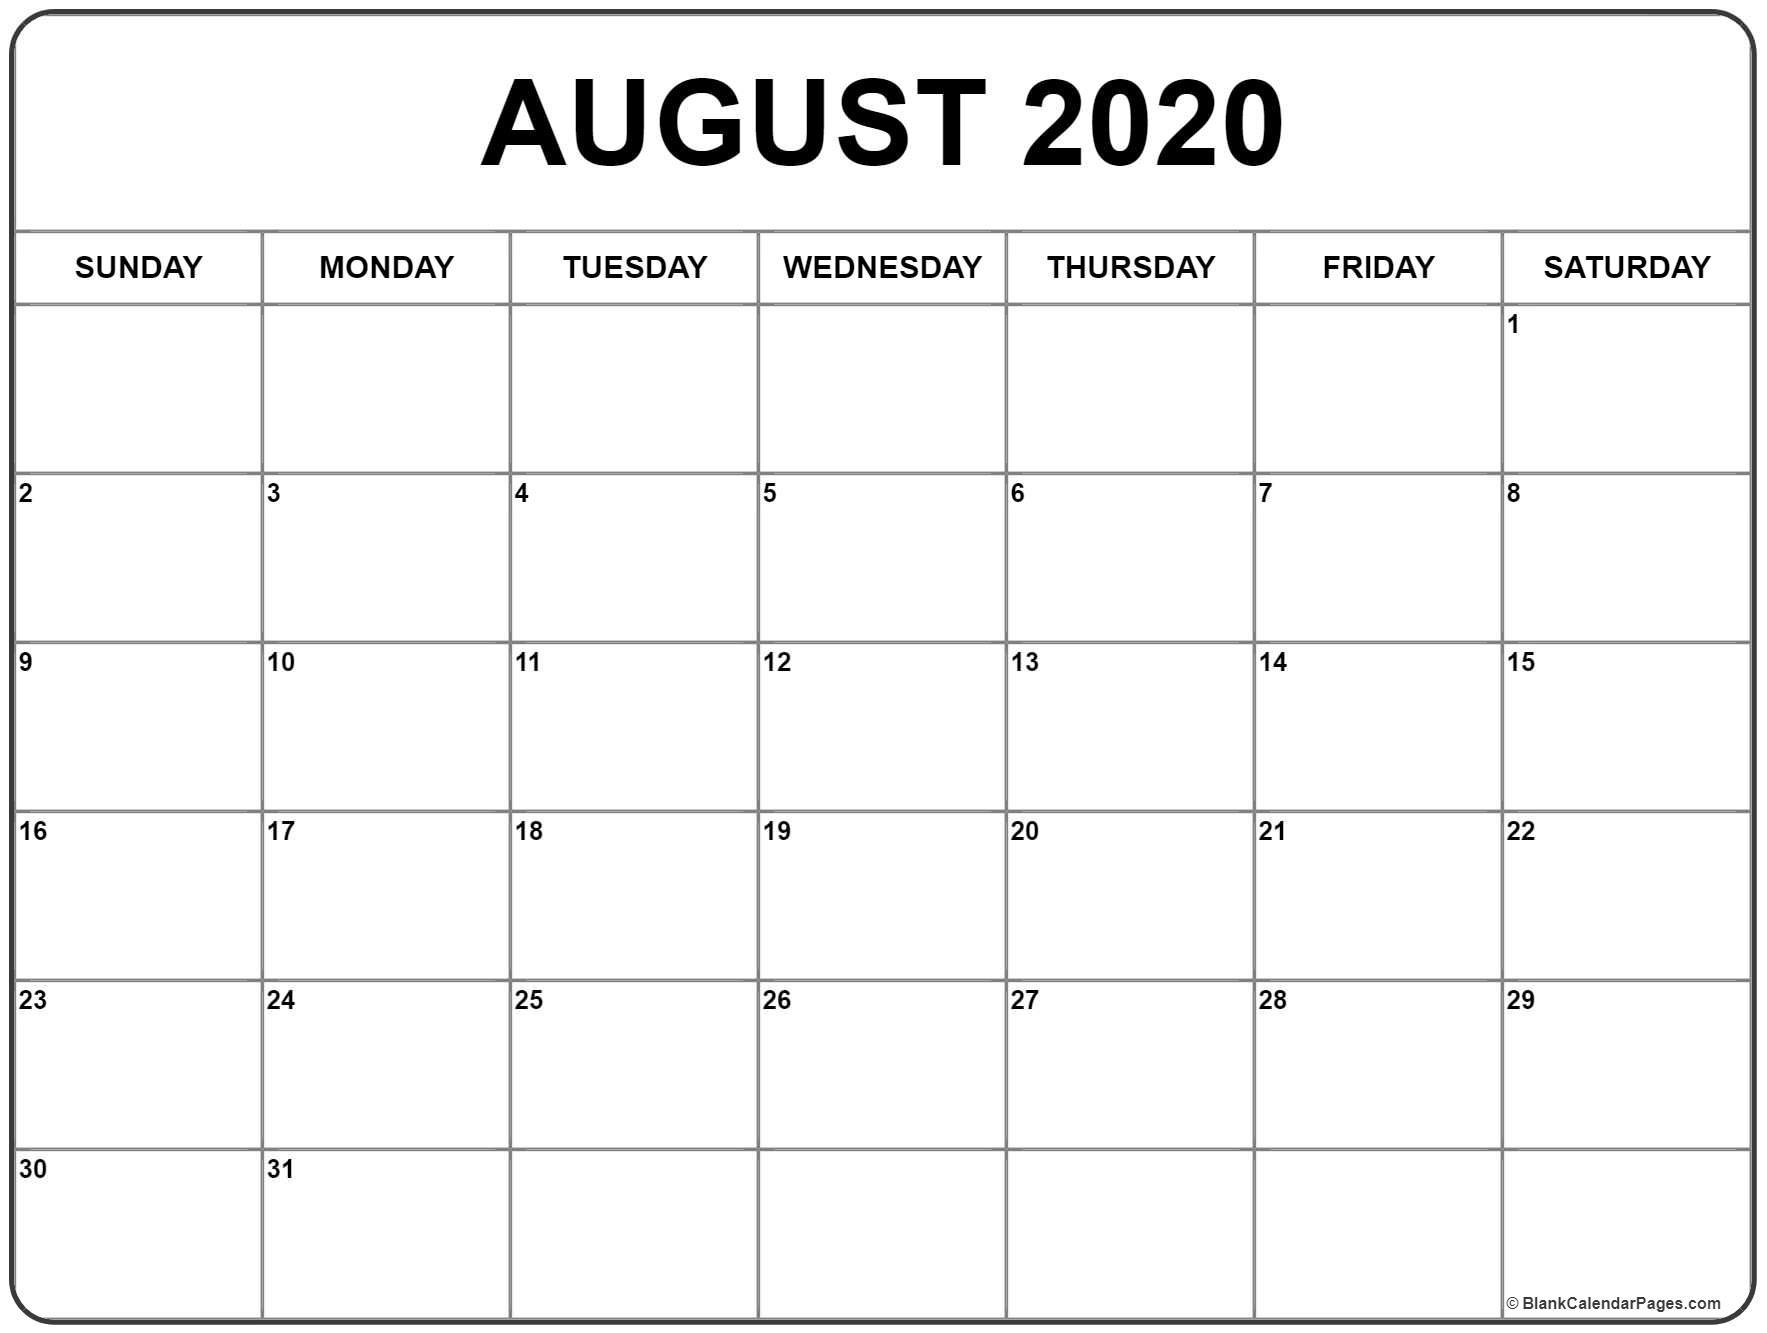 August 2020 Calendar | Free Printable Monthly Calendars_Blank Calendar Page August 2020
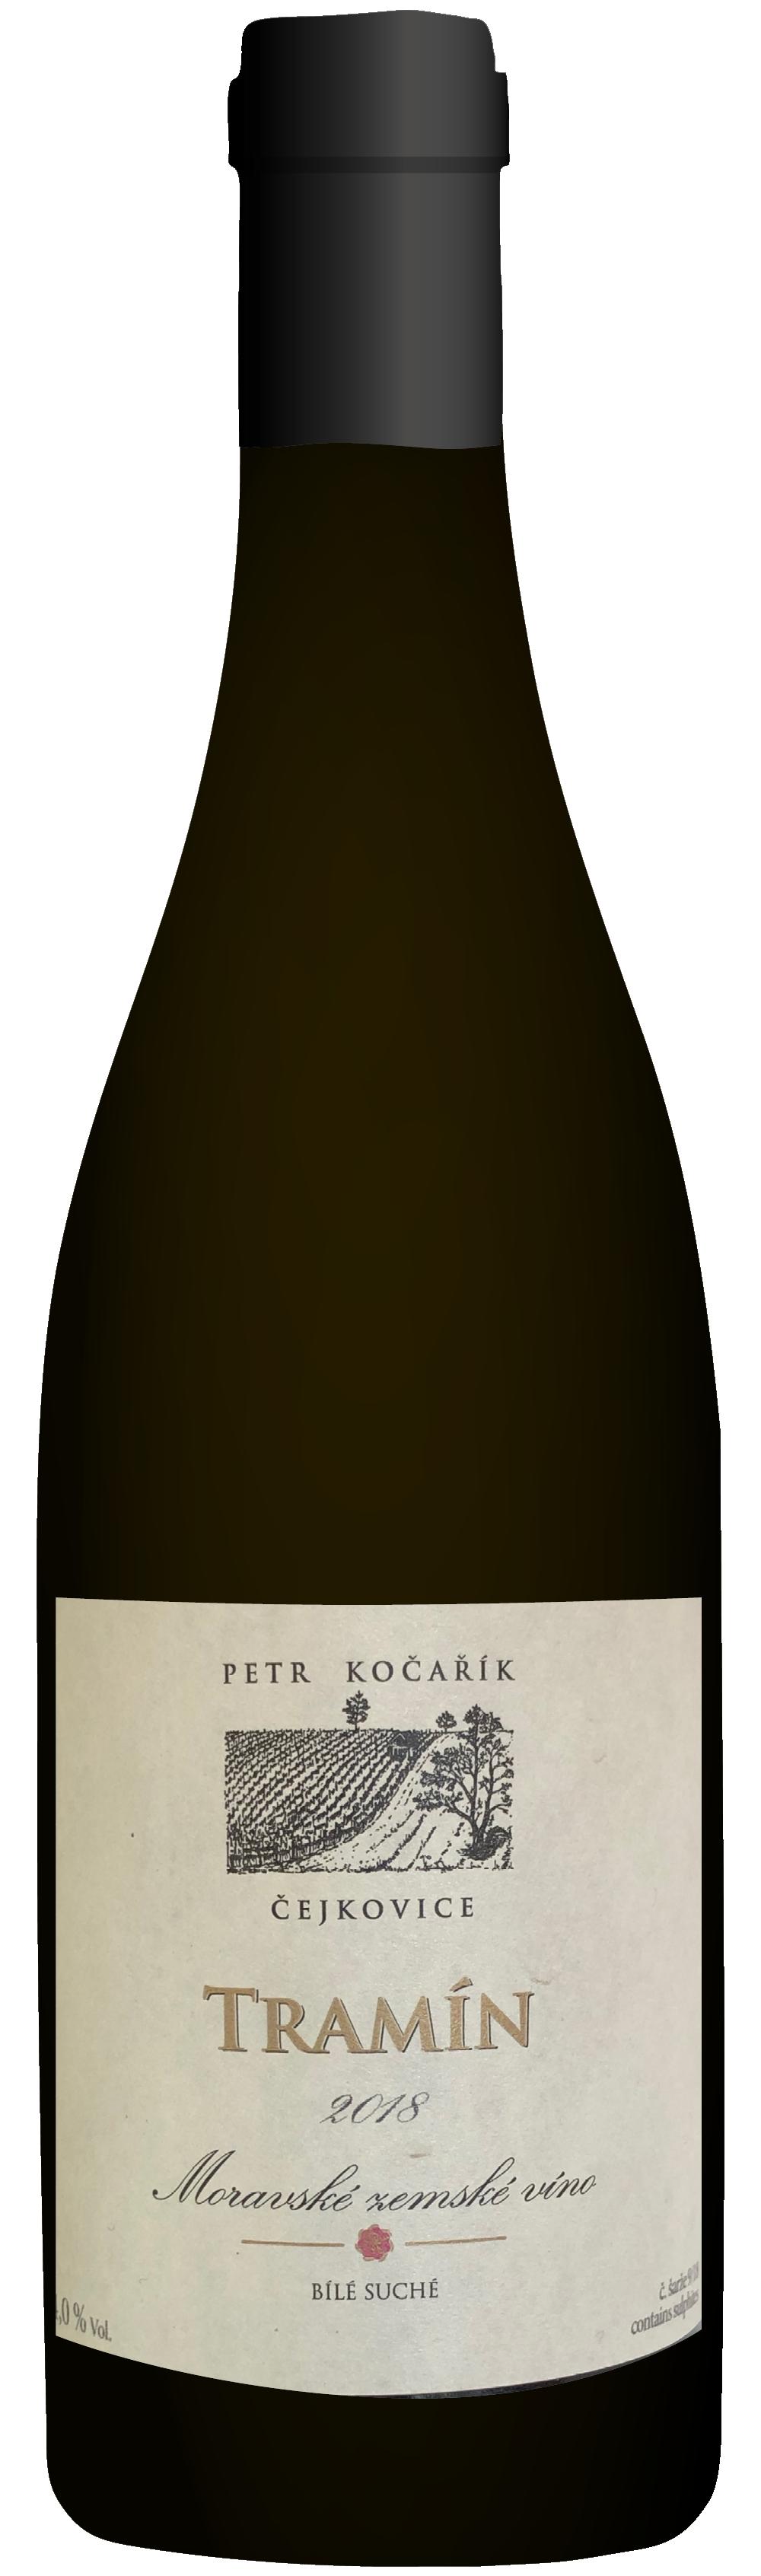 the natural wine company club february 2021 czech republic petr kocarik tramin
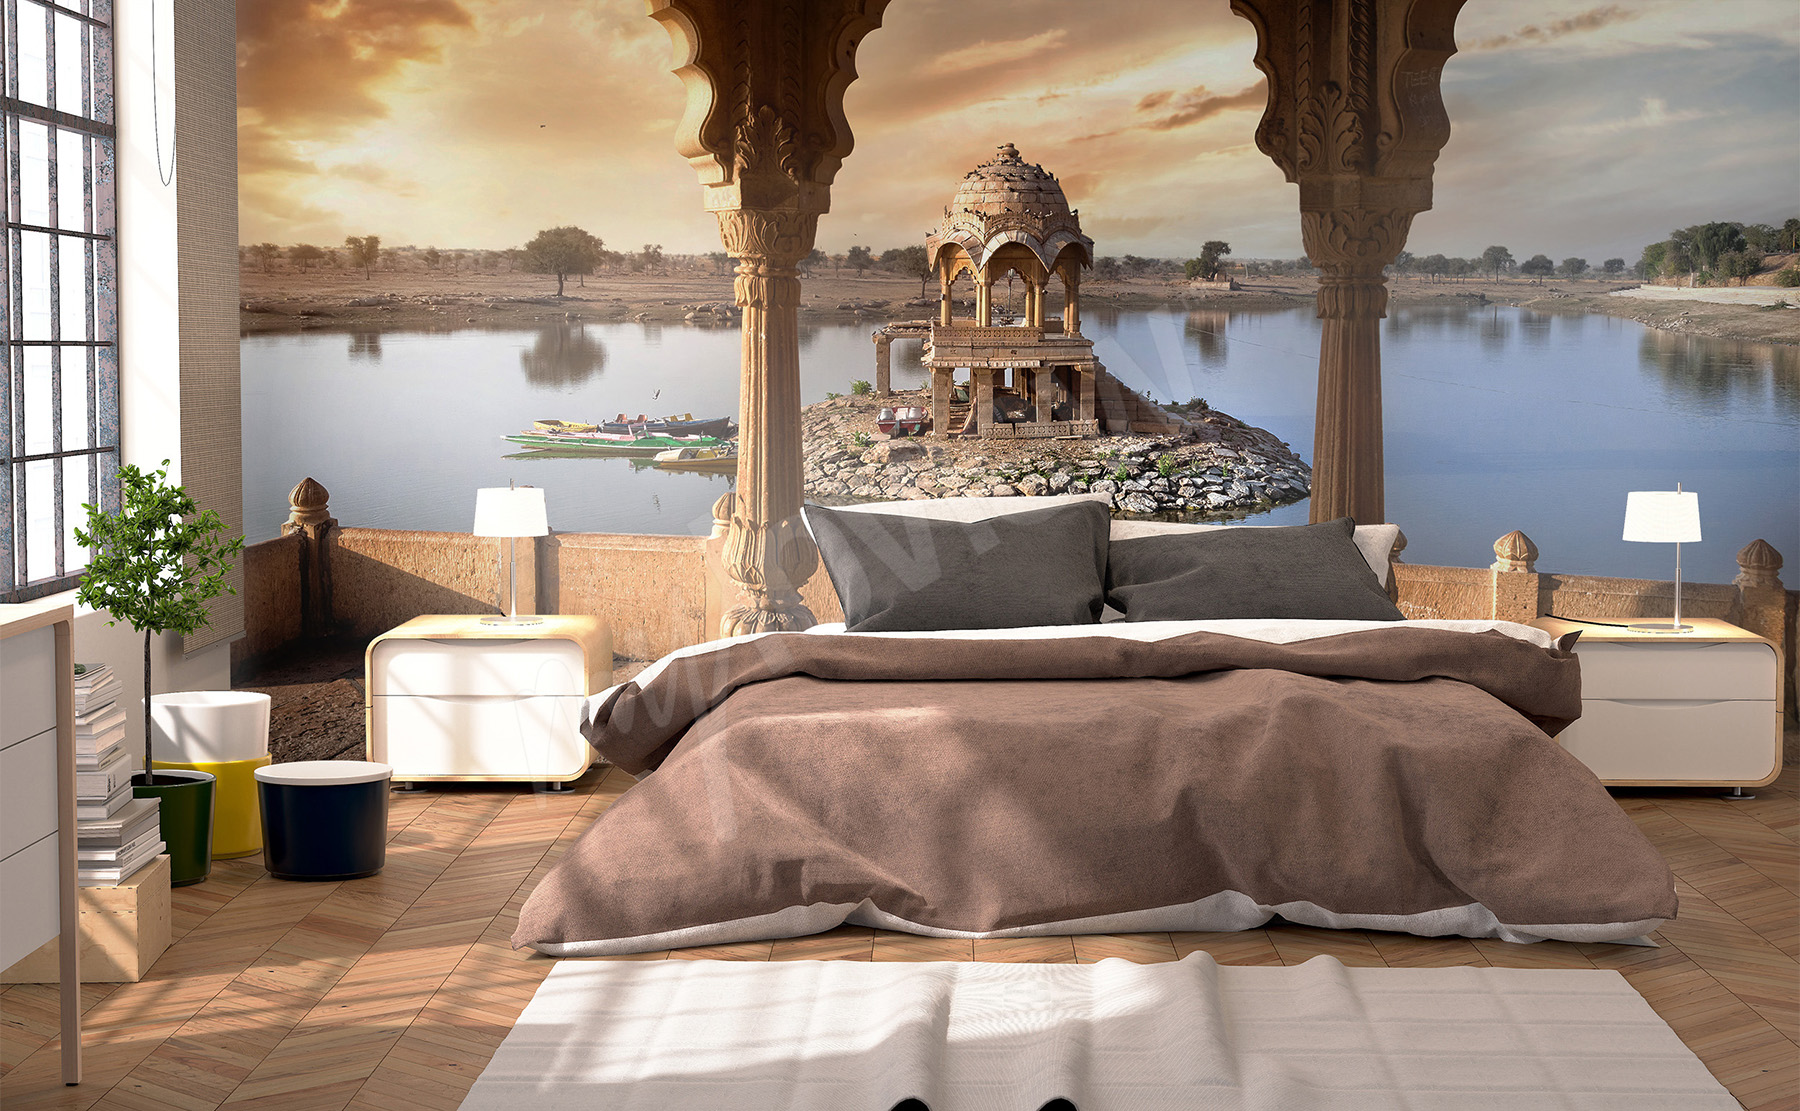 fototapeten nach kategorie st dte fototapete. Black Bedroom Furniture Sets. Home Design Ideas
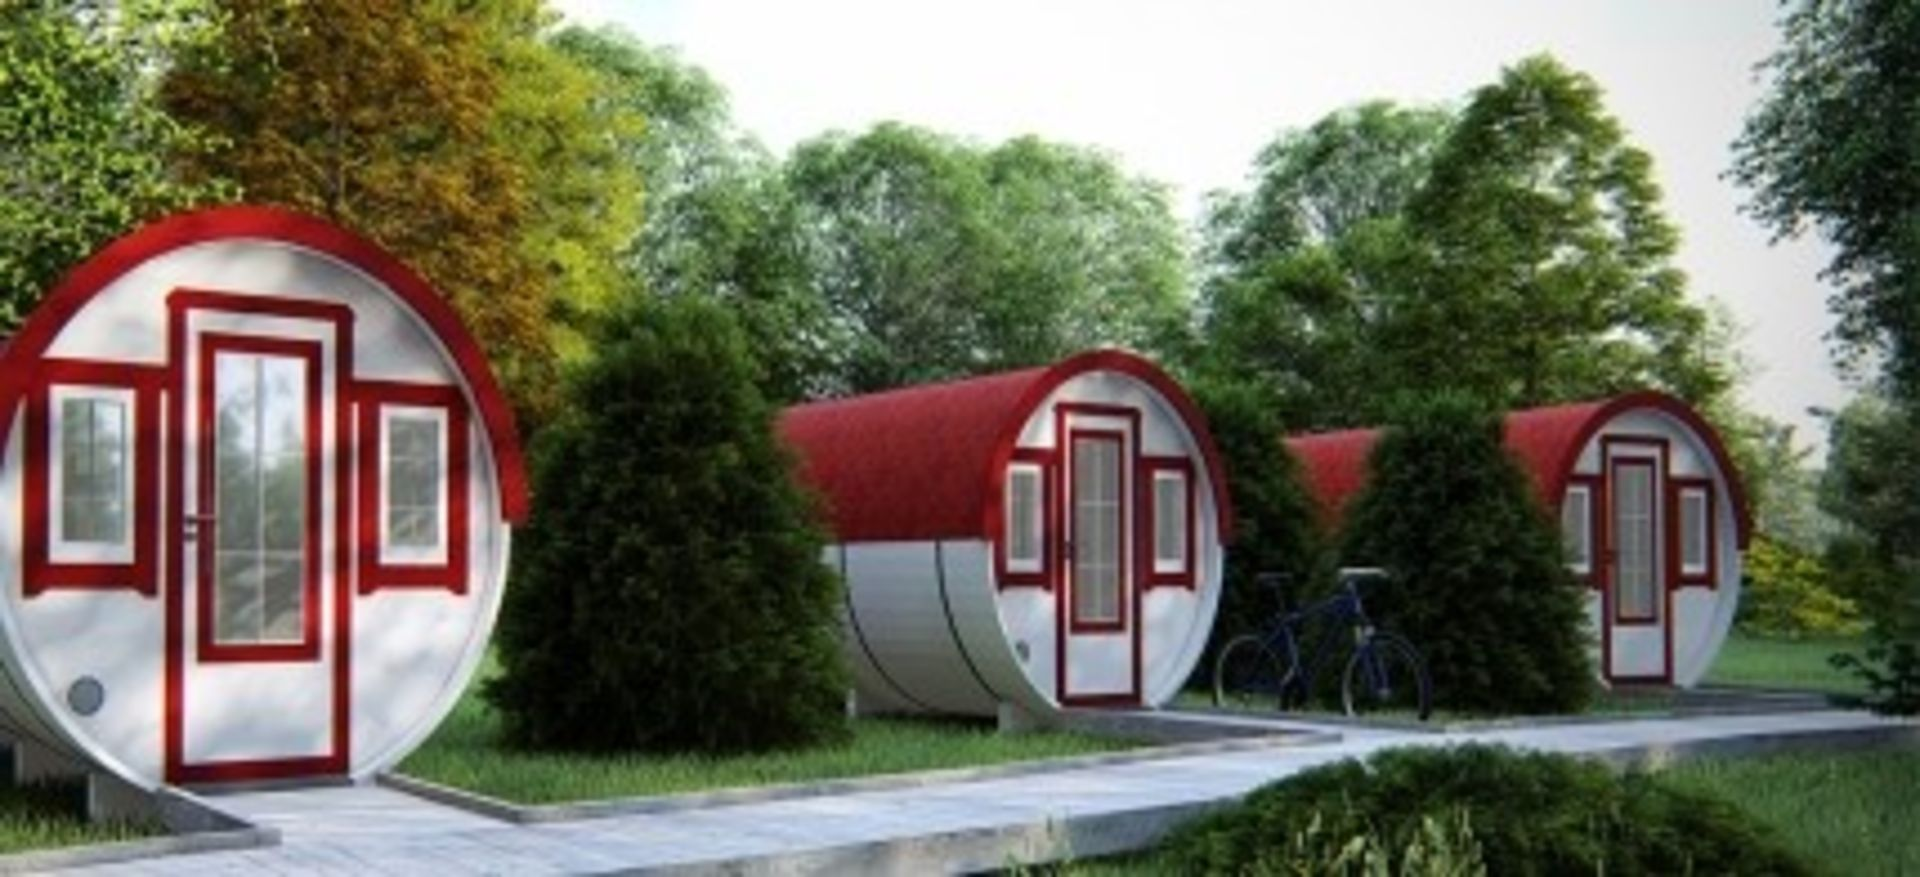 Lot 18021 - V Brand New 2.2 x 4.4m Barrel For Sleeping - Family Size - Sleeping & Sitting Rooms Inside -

| WORK ORDER |
Each line from the one that contains "the natural wine" to the end of the listing must be quoted exactly; no other line and no picture belongs in the copy.

| SOLUTION |
 the natural wine company club february 2021 czech republic petr kocarik tramin
 fototapeten nach kategorie st dte fototapete. Black Bedroom Furniture Sets. Home Design Ideas
 Lot 18021 - V Brand New 2.2 x 4.4m Barrel For Sleeping - Family Size - Sleeping & Sitting Rooms Inside -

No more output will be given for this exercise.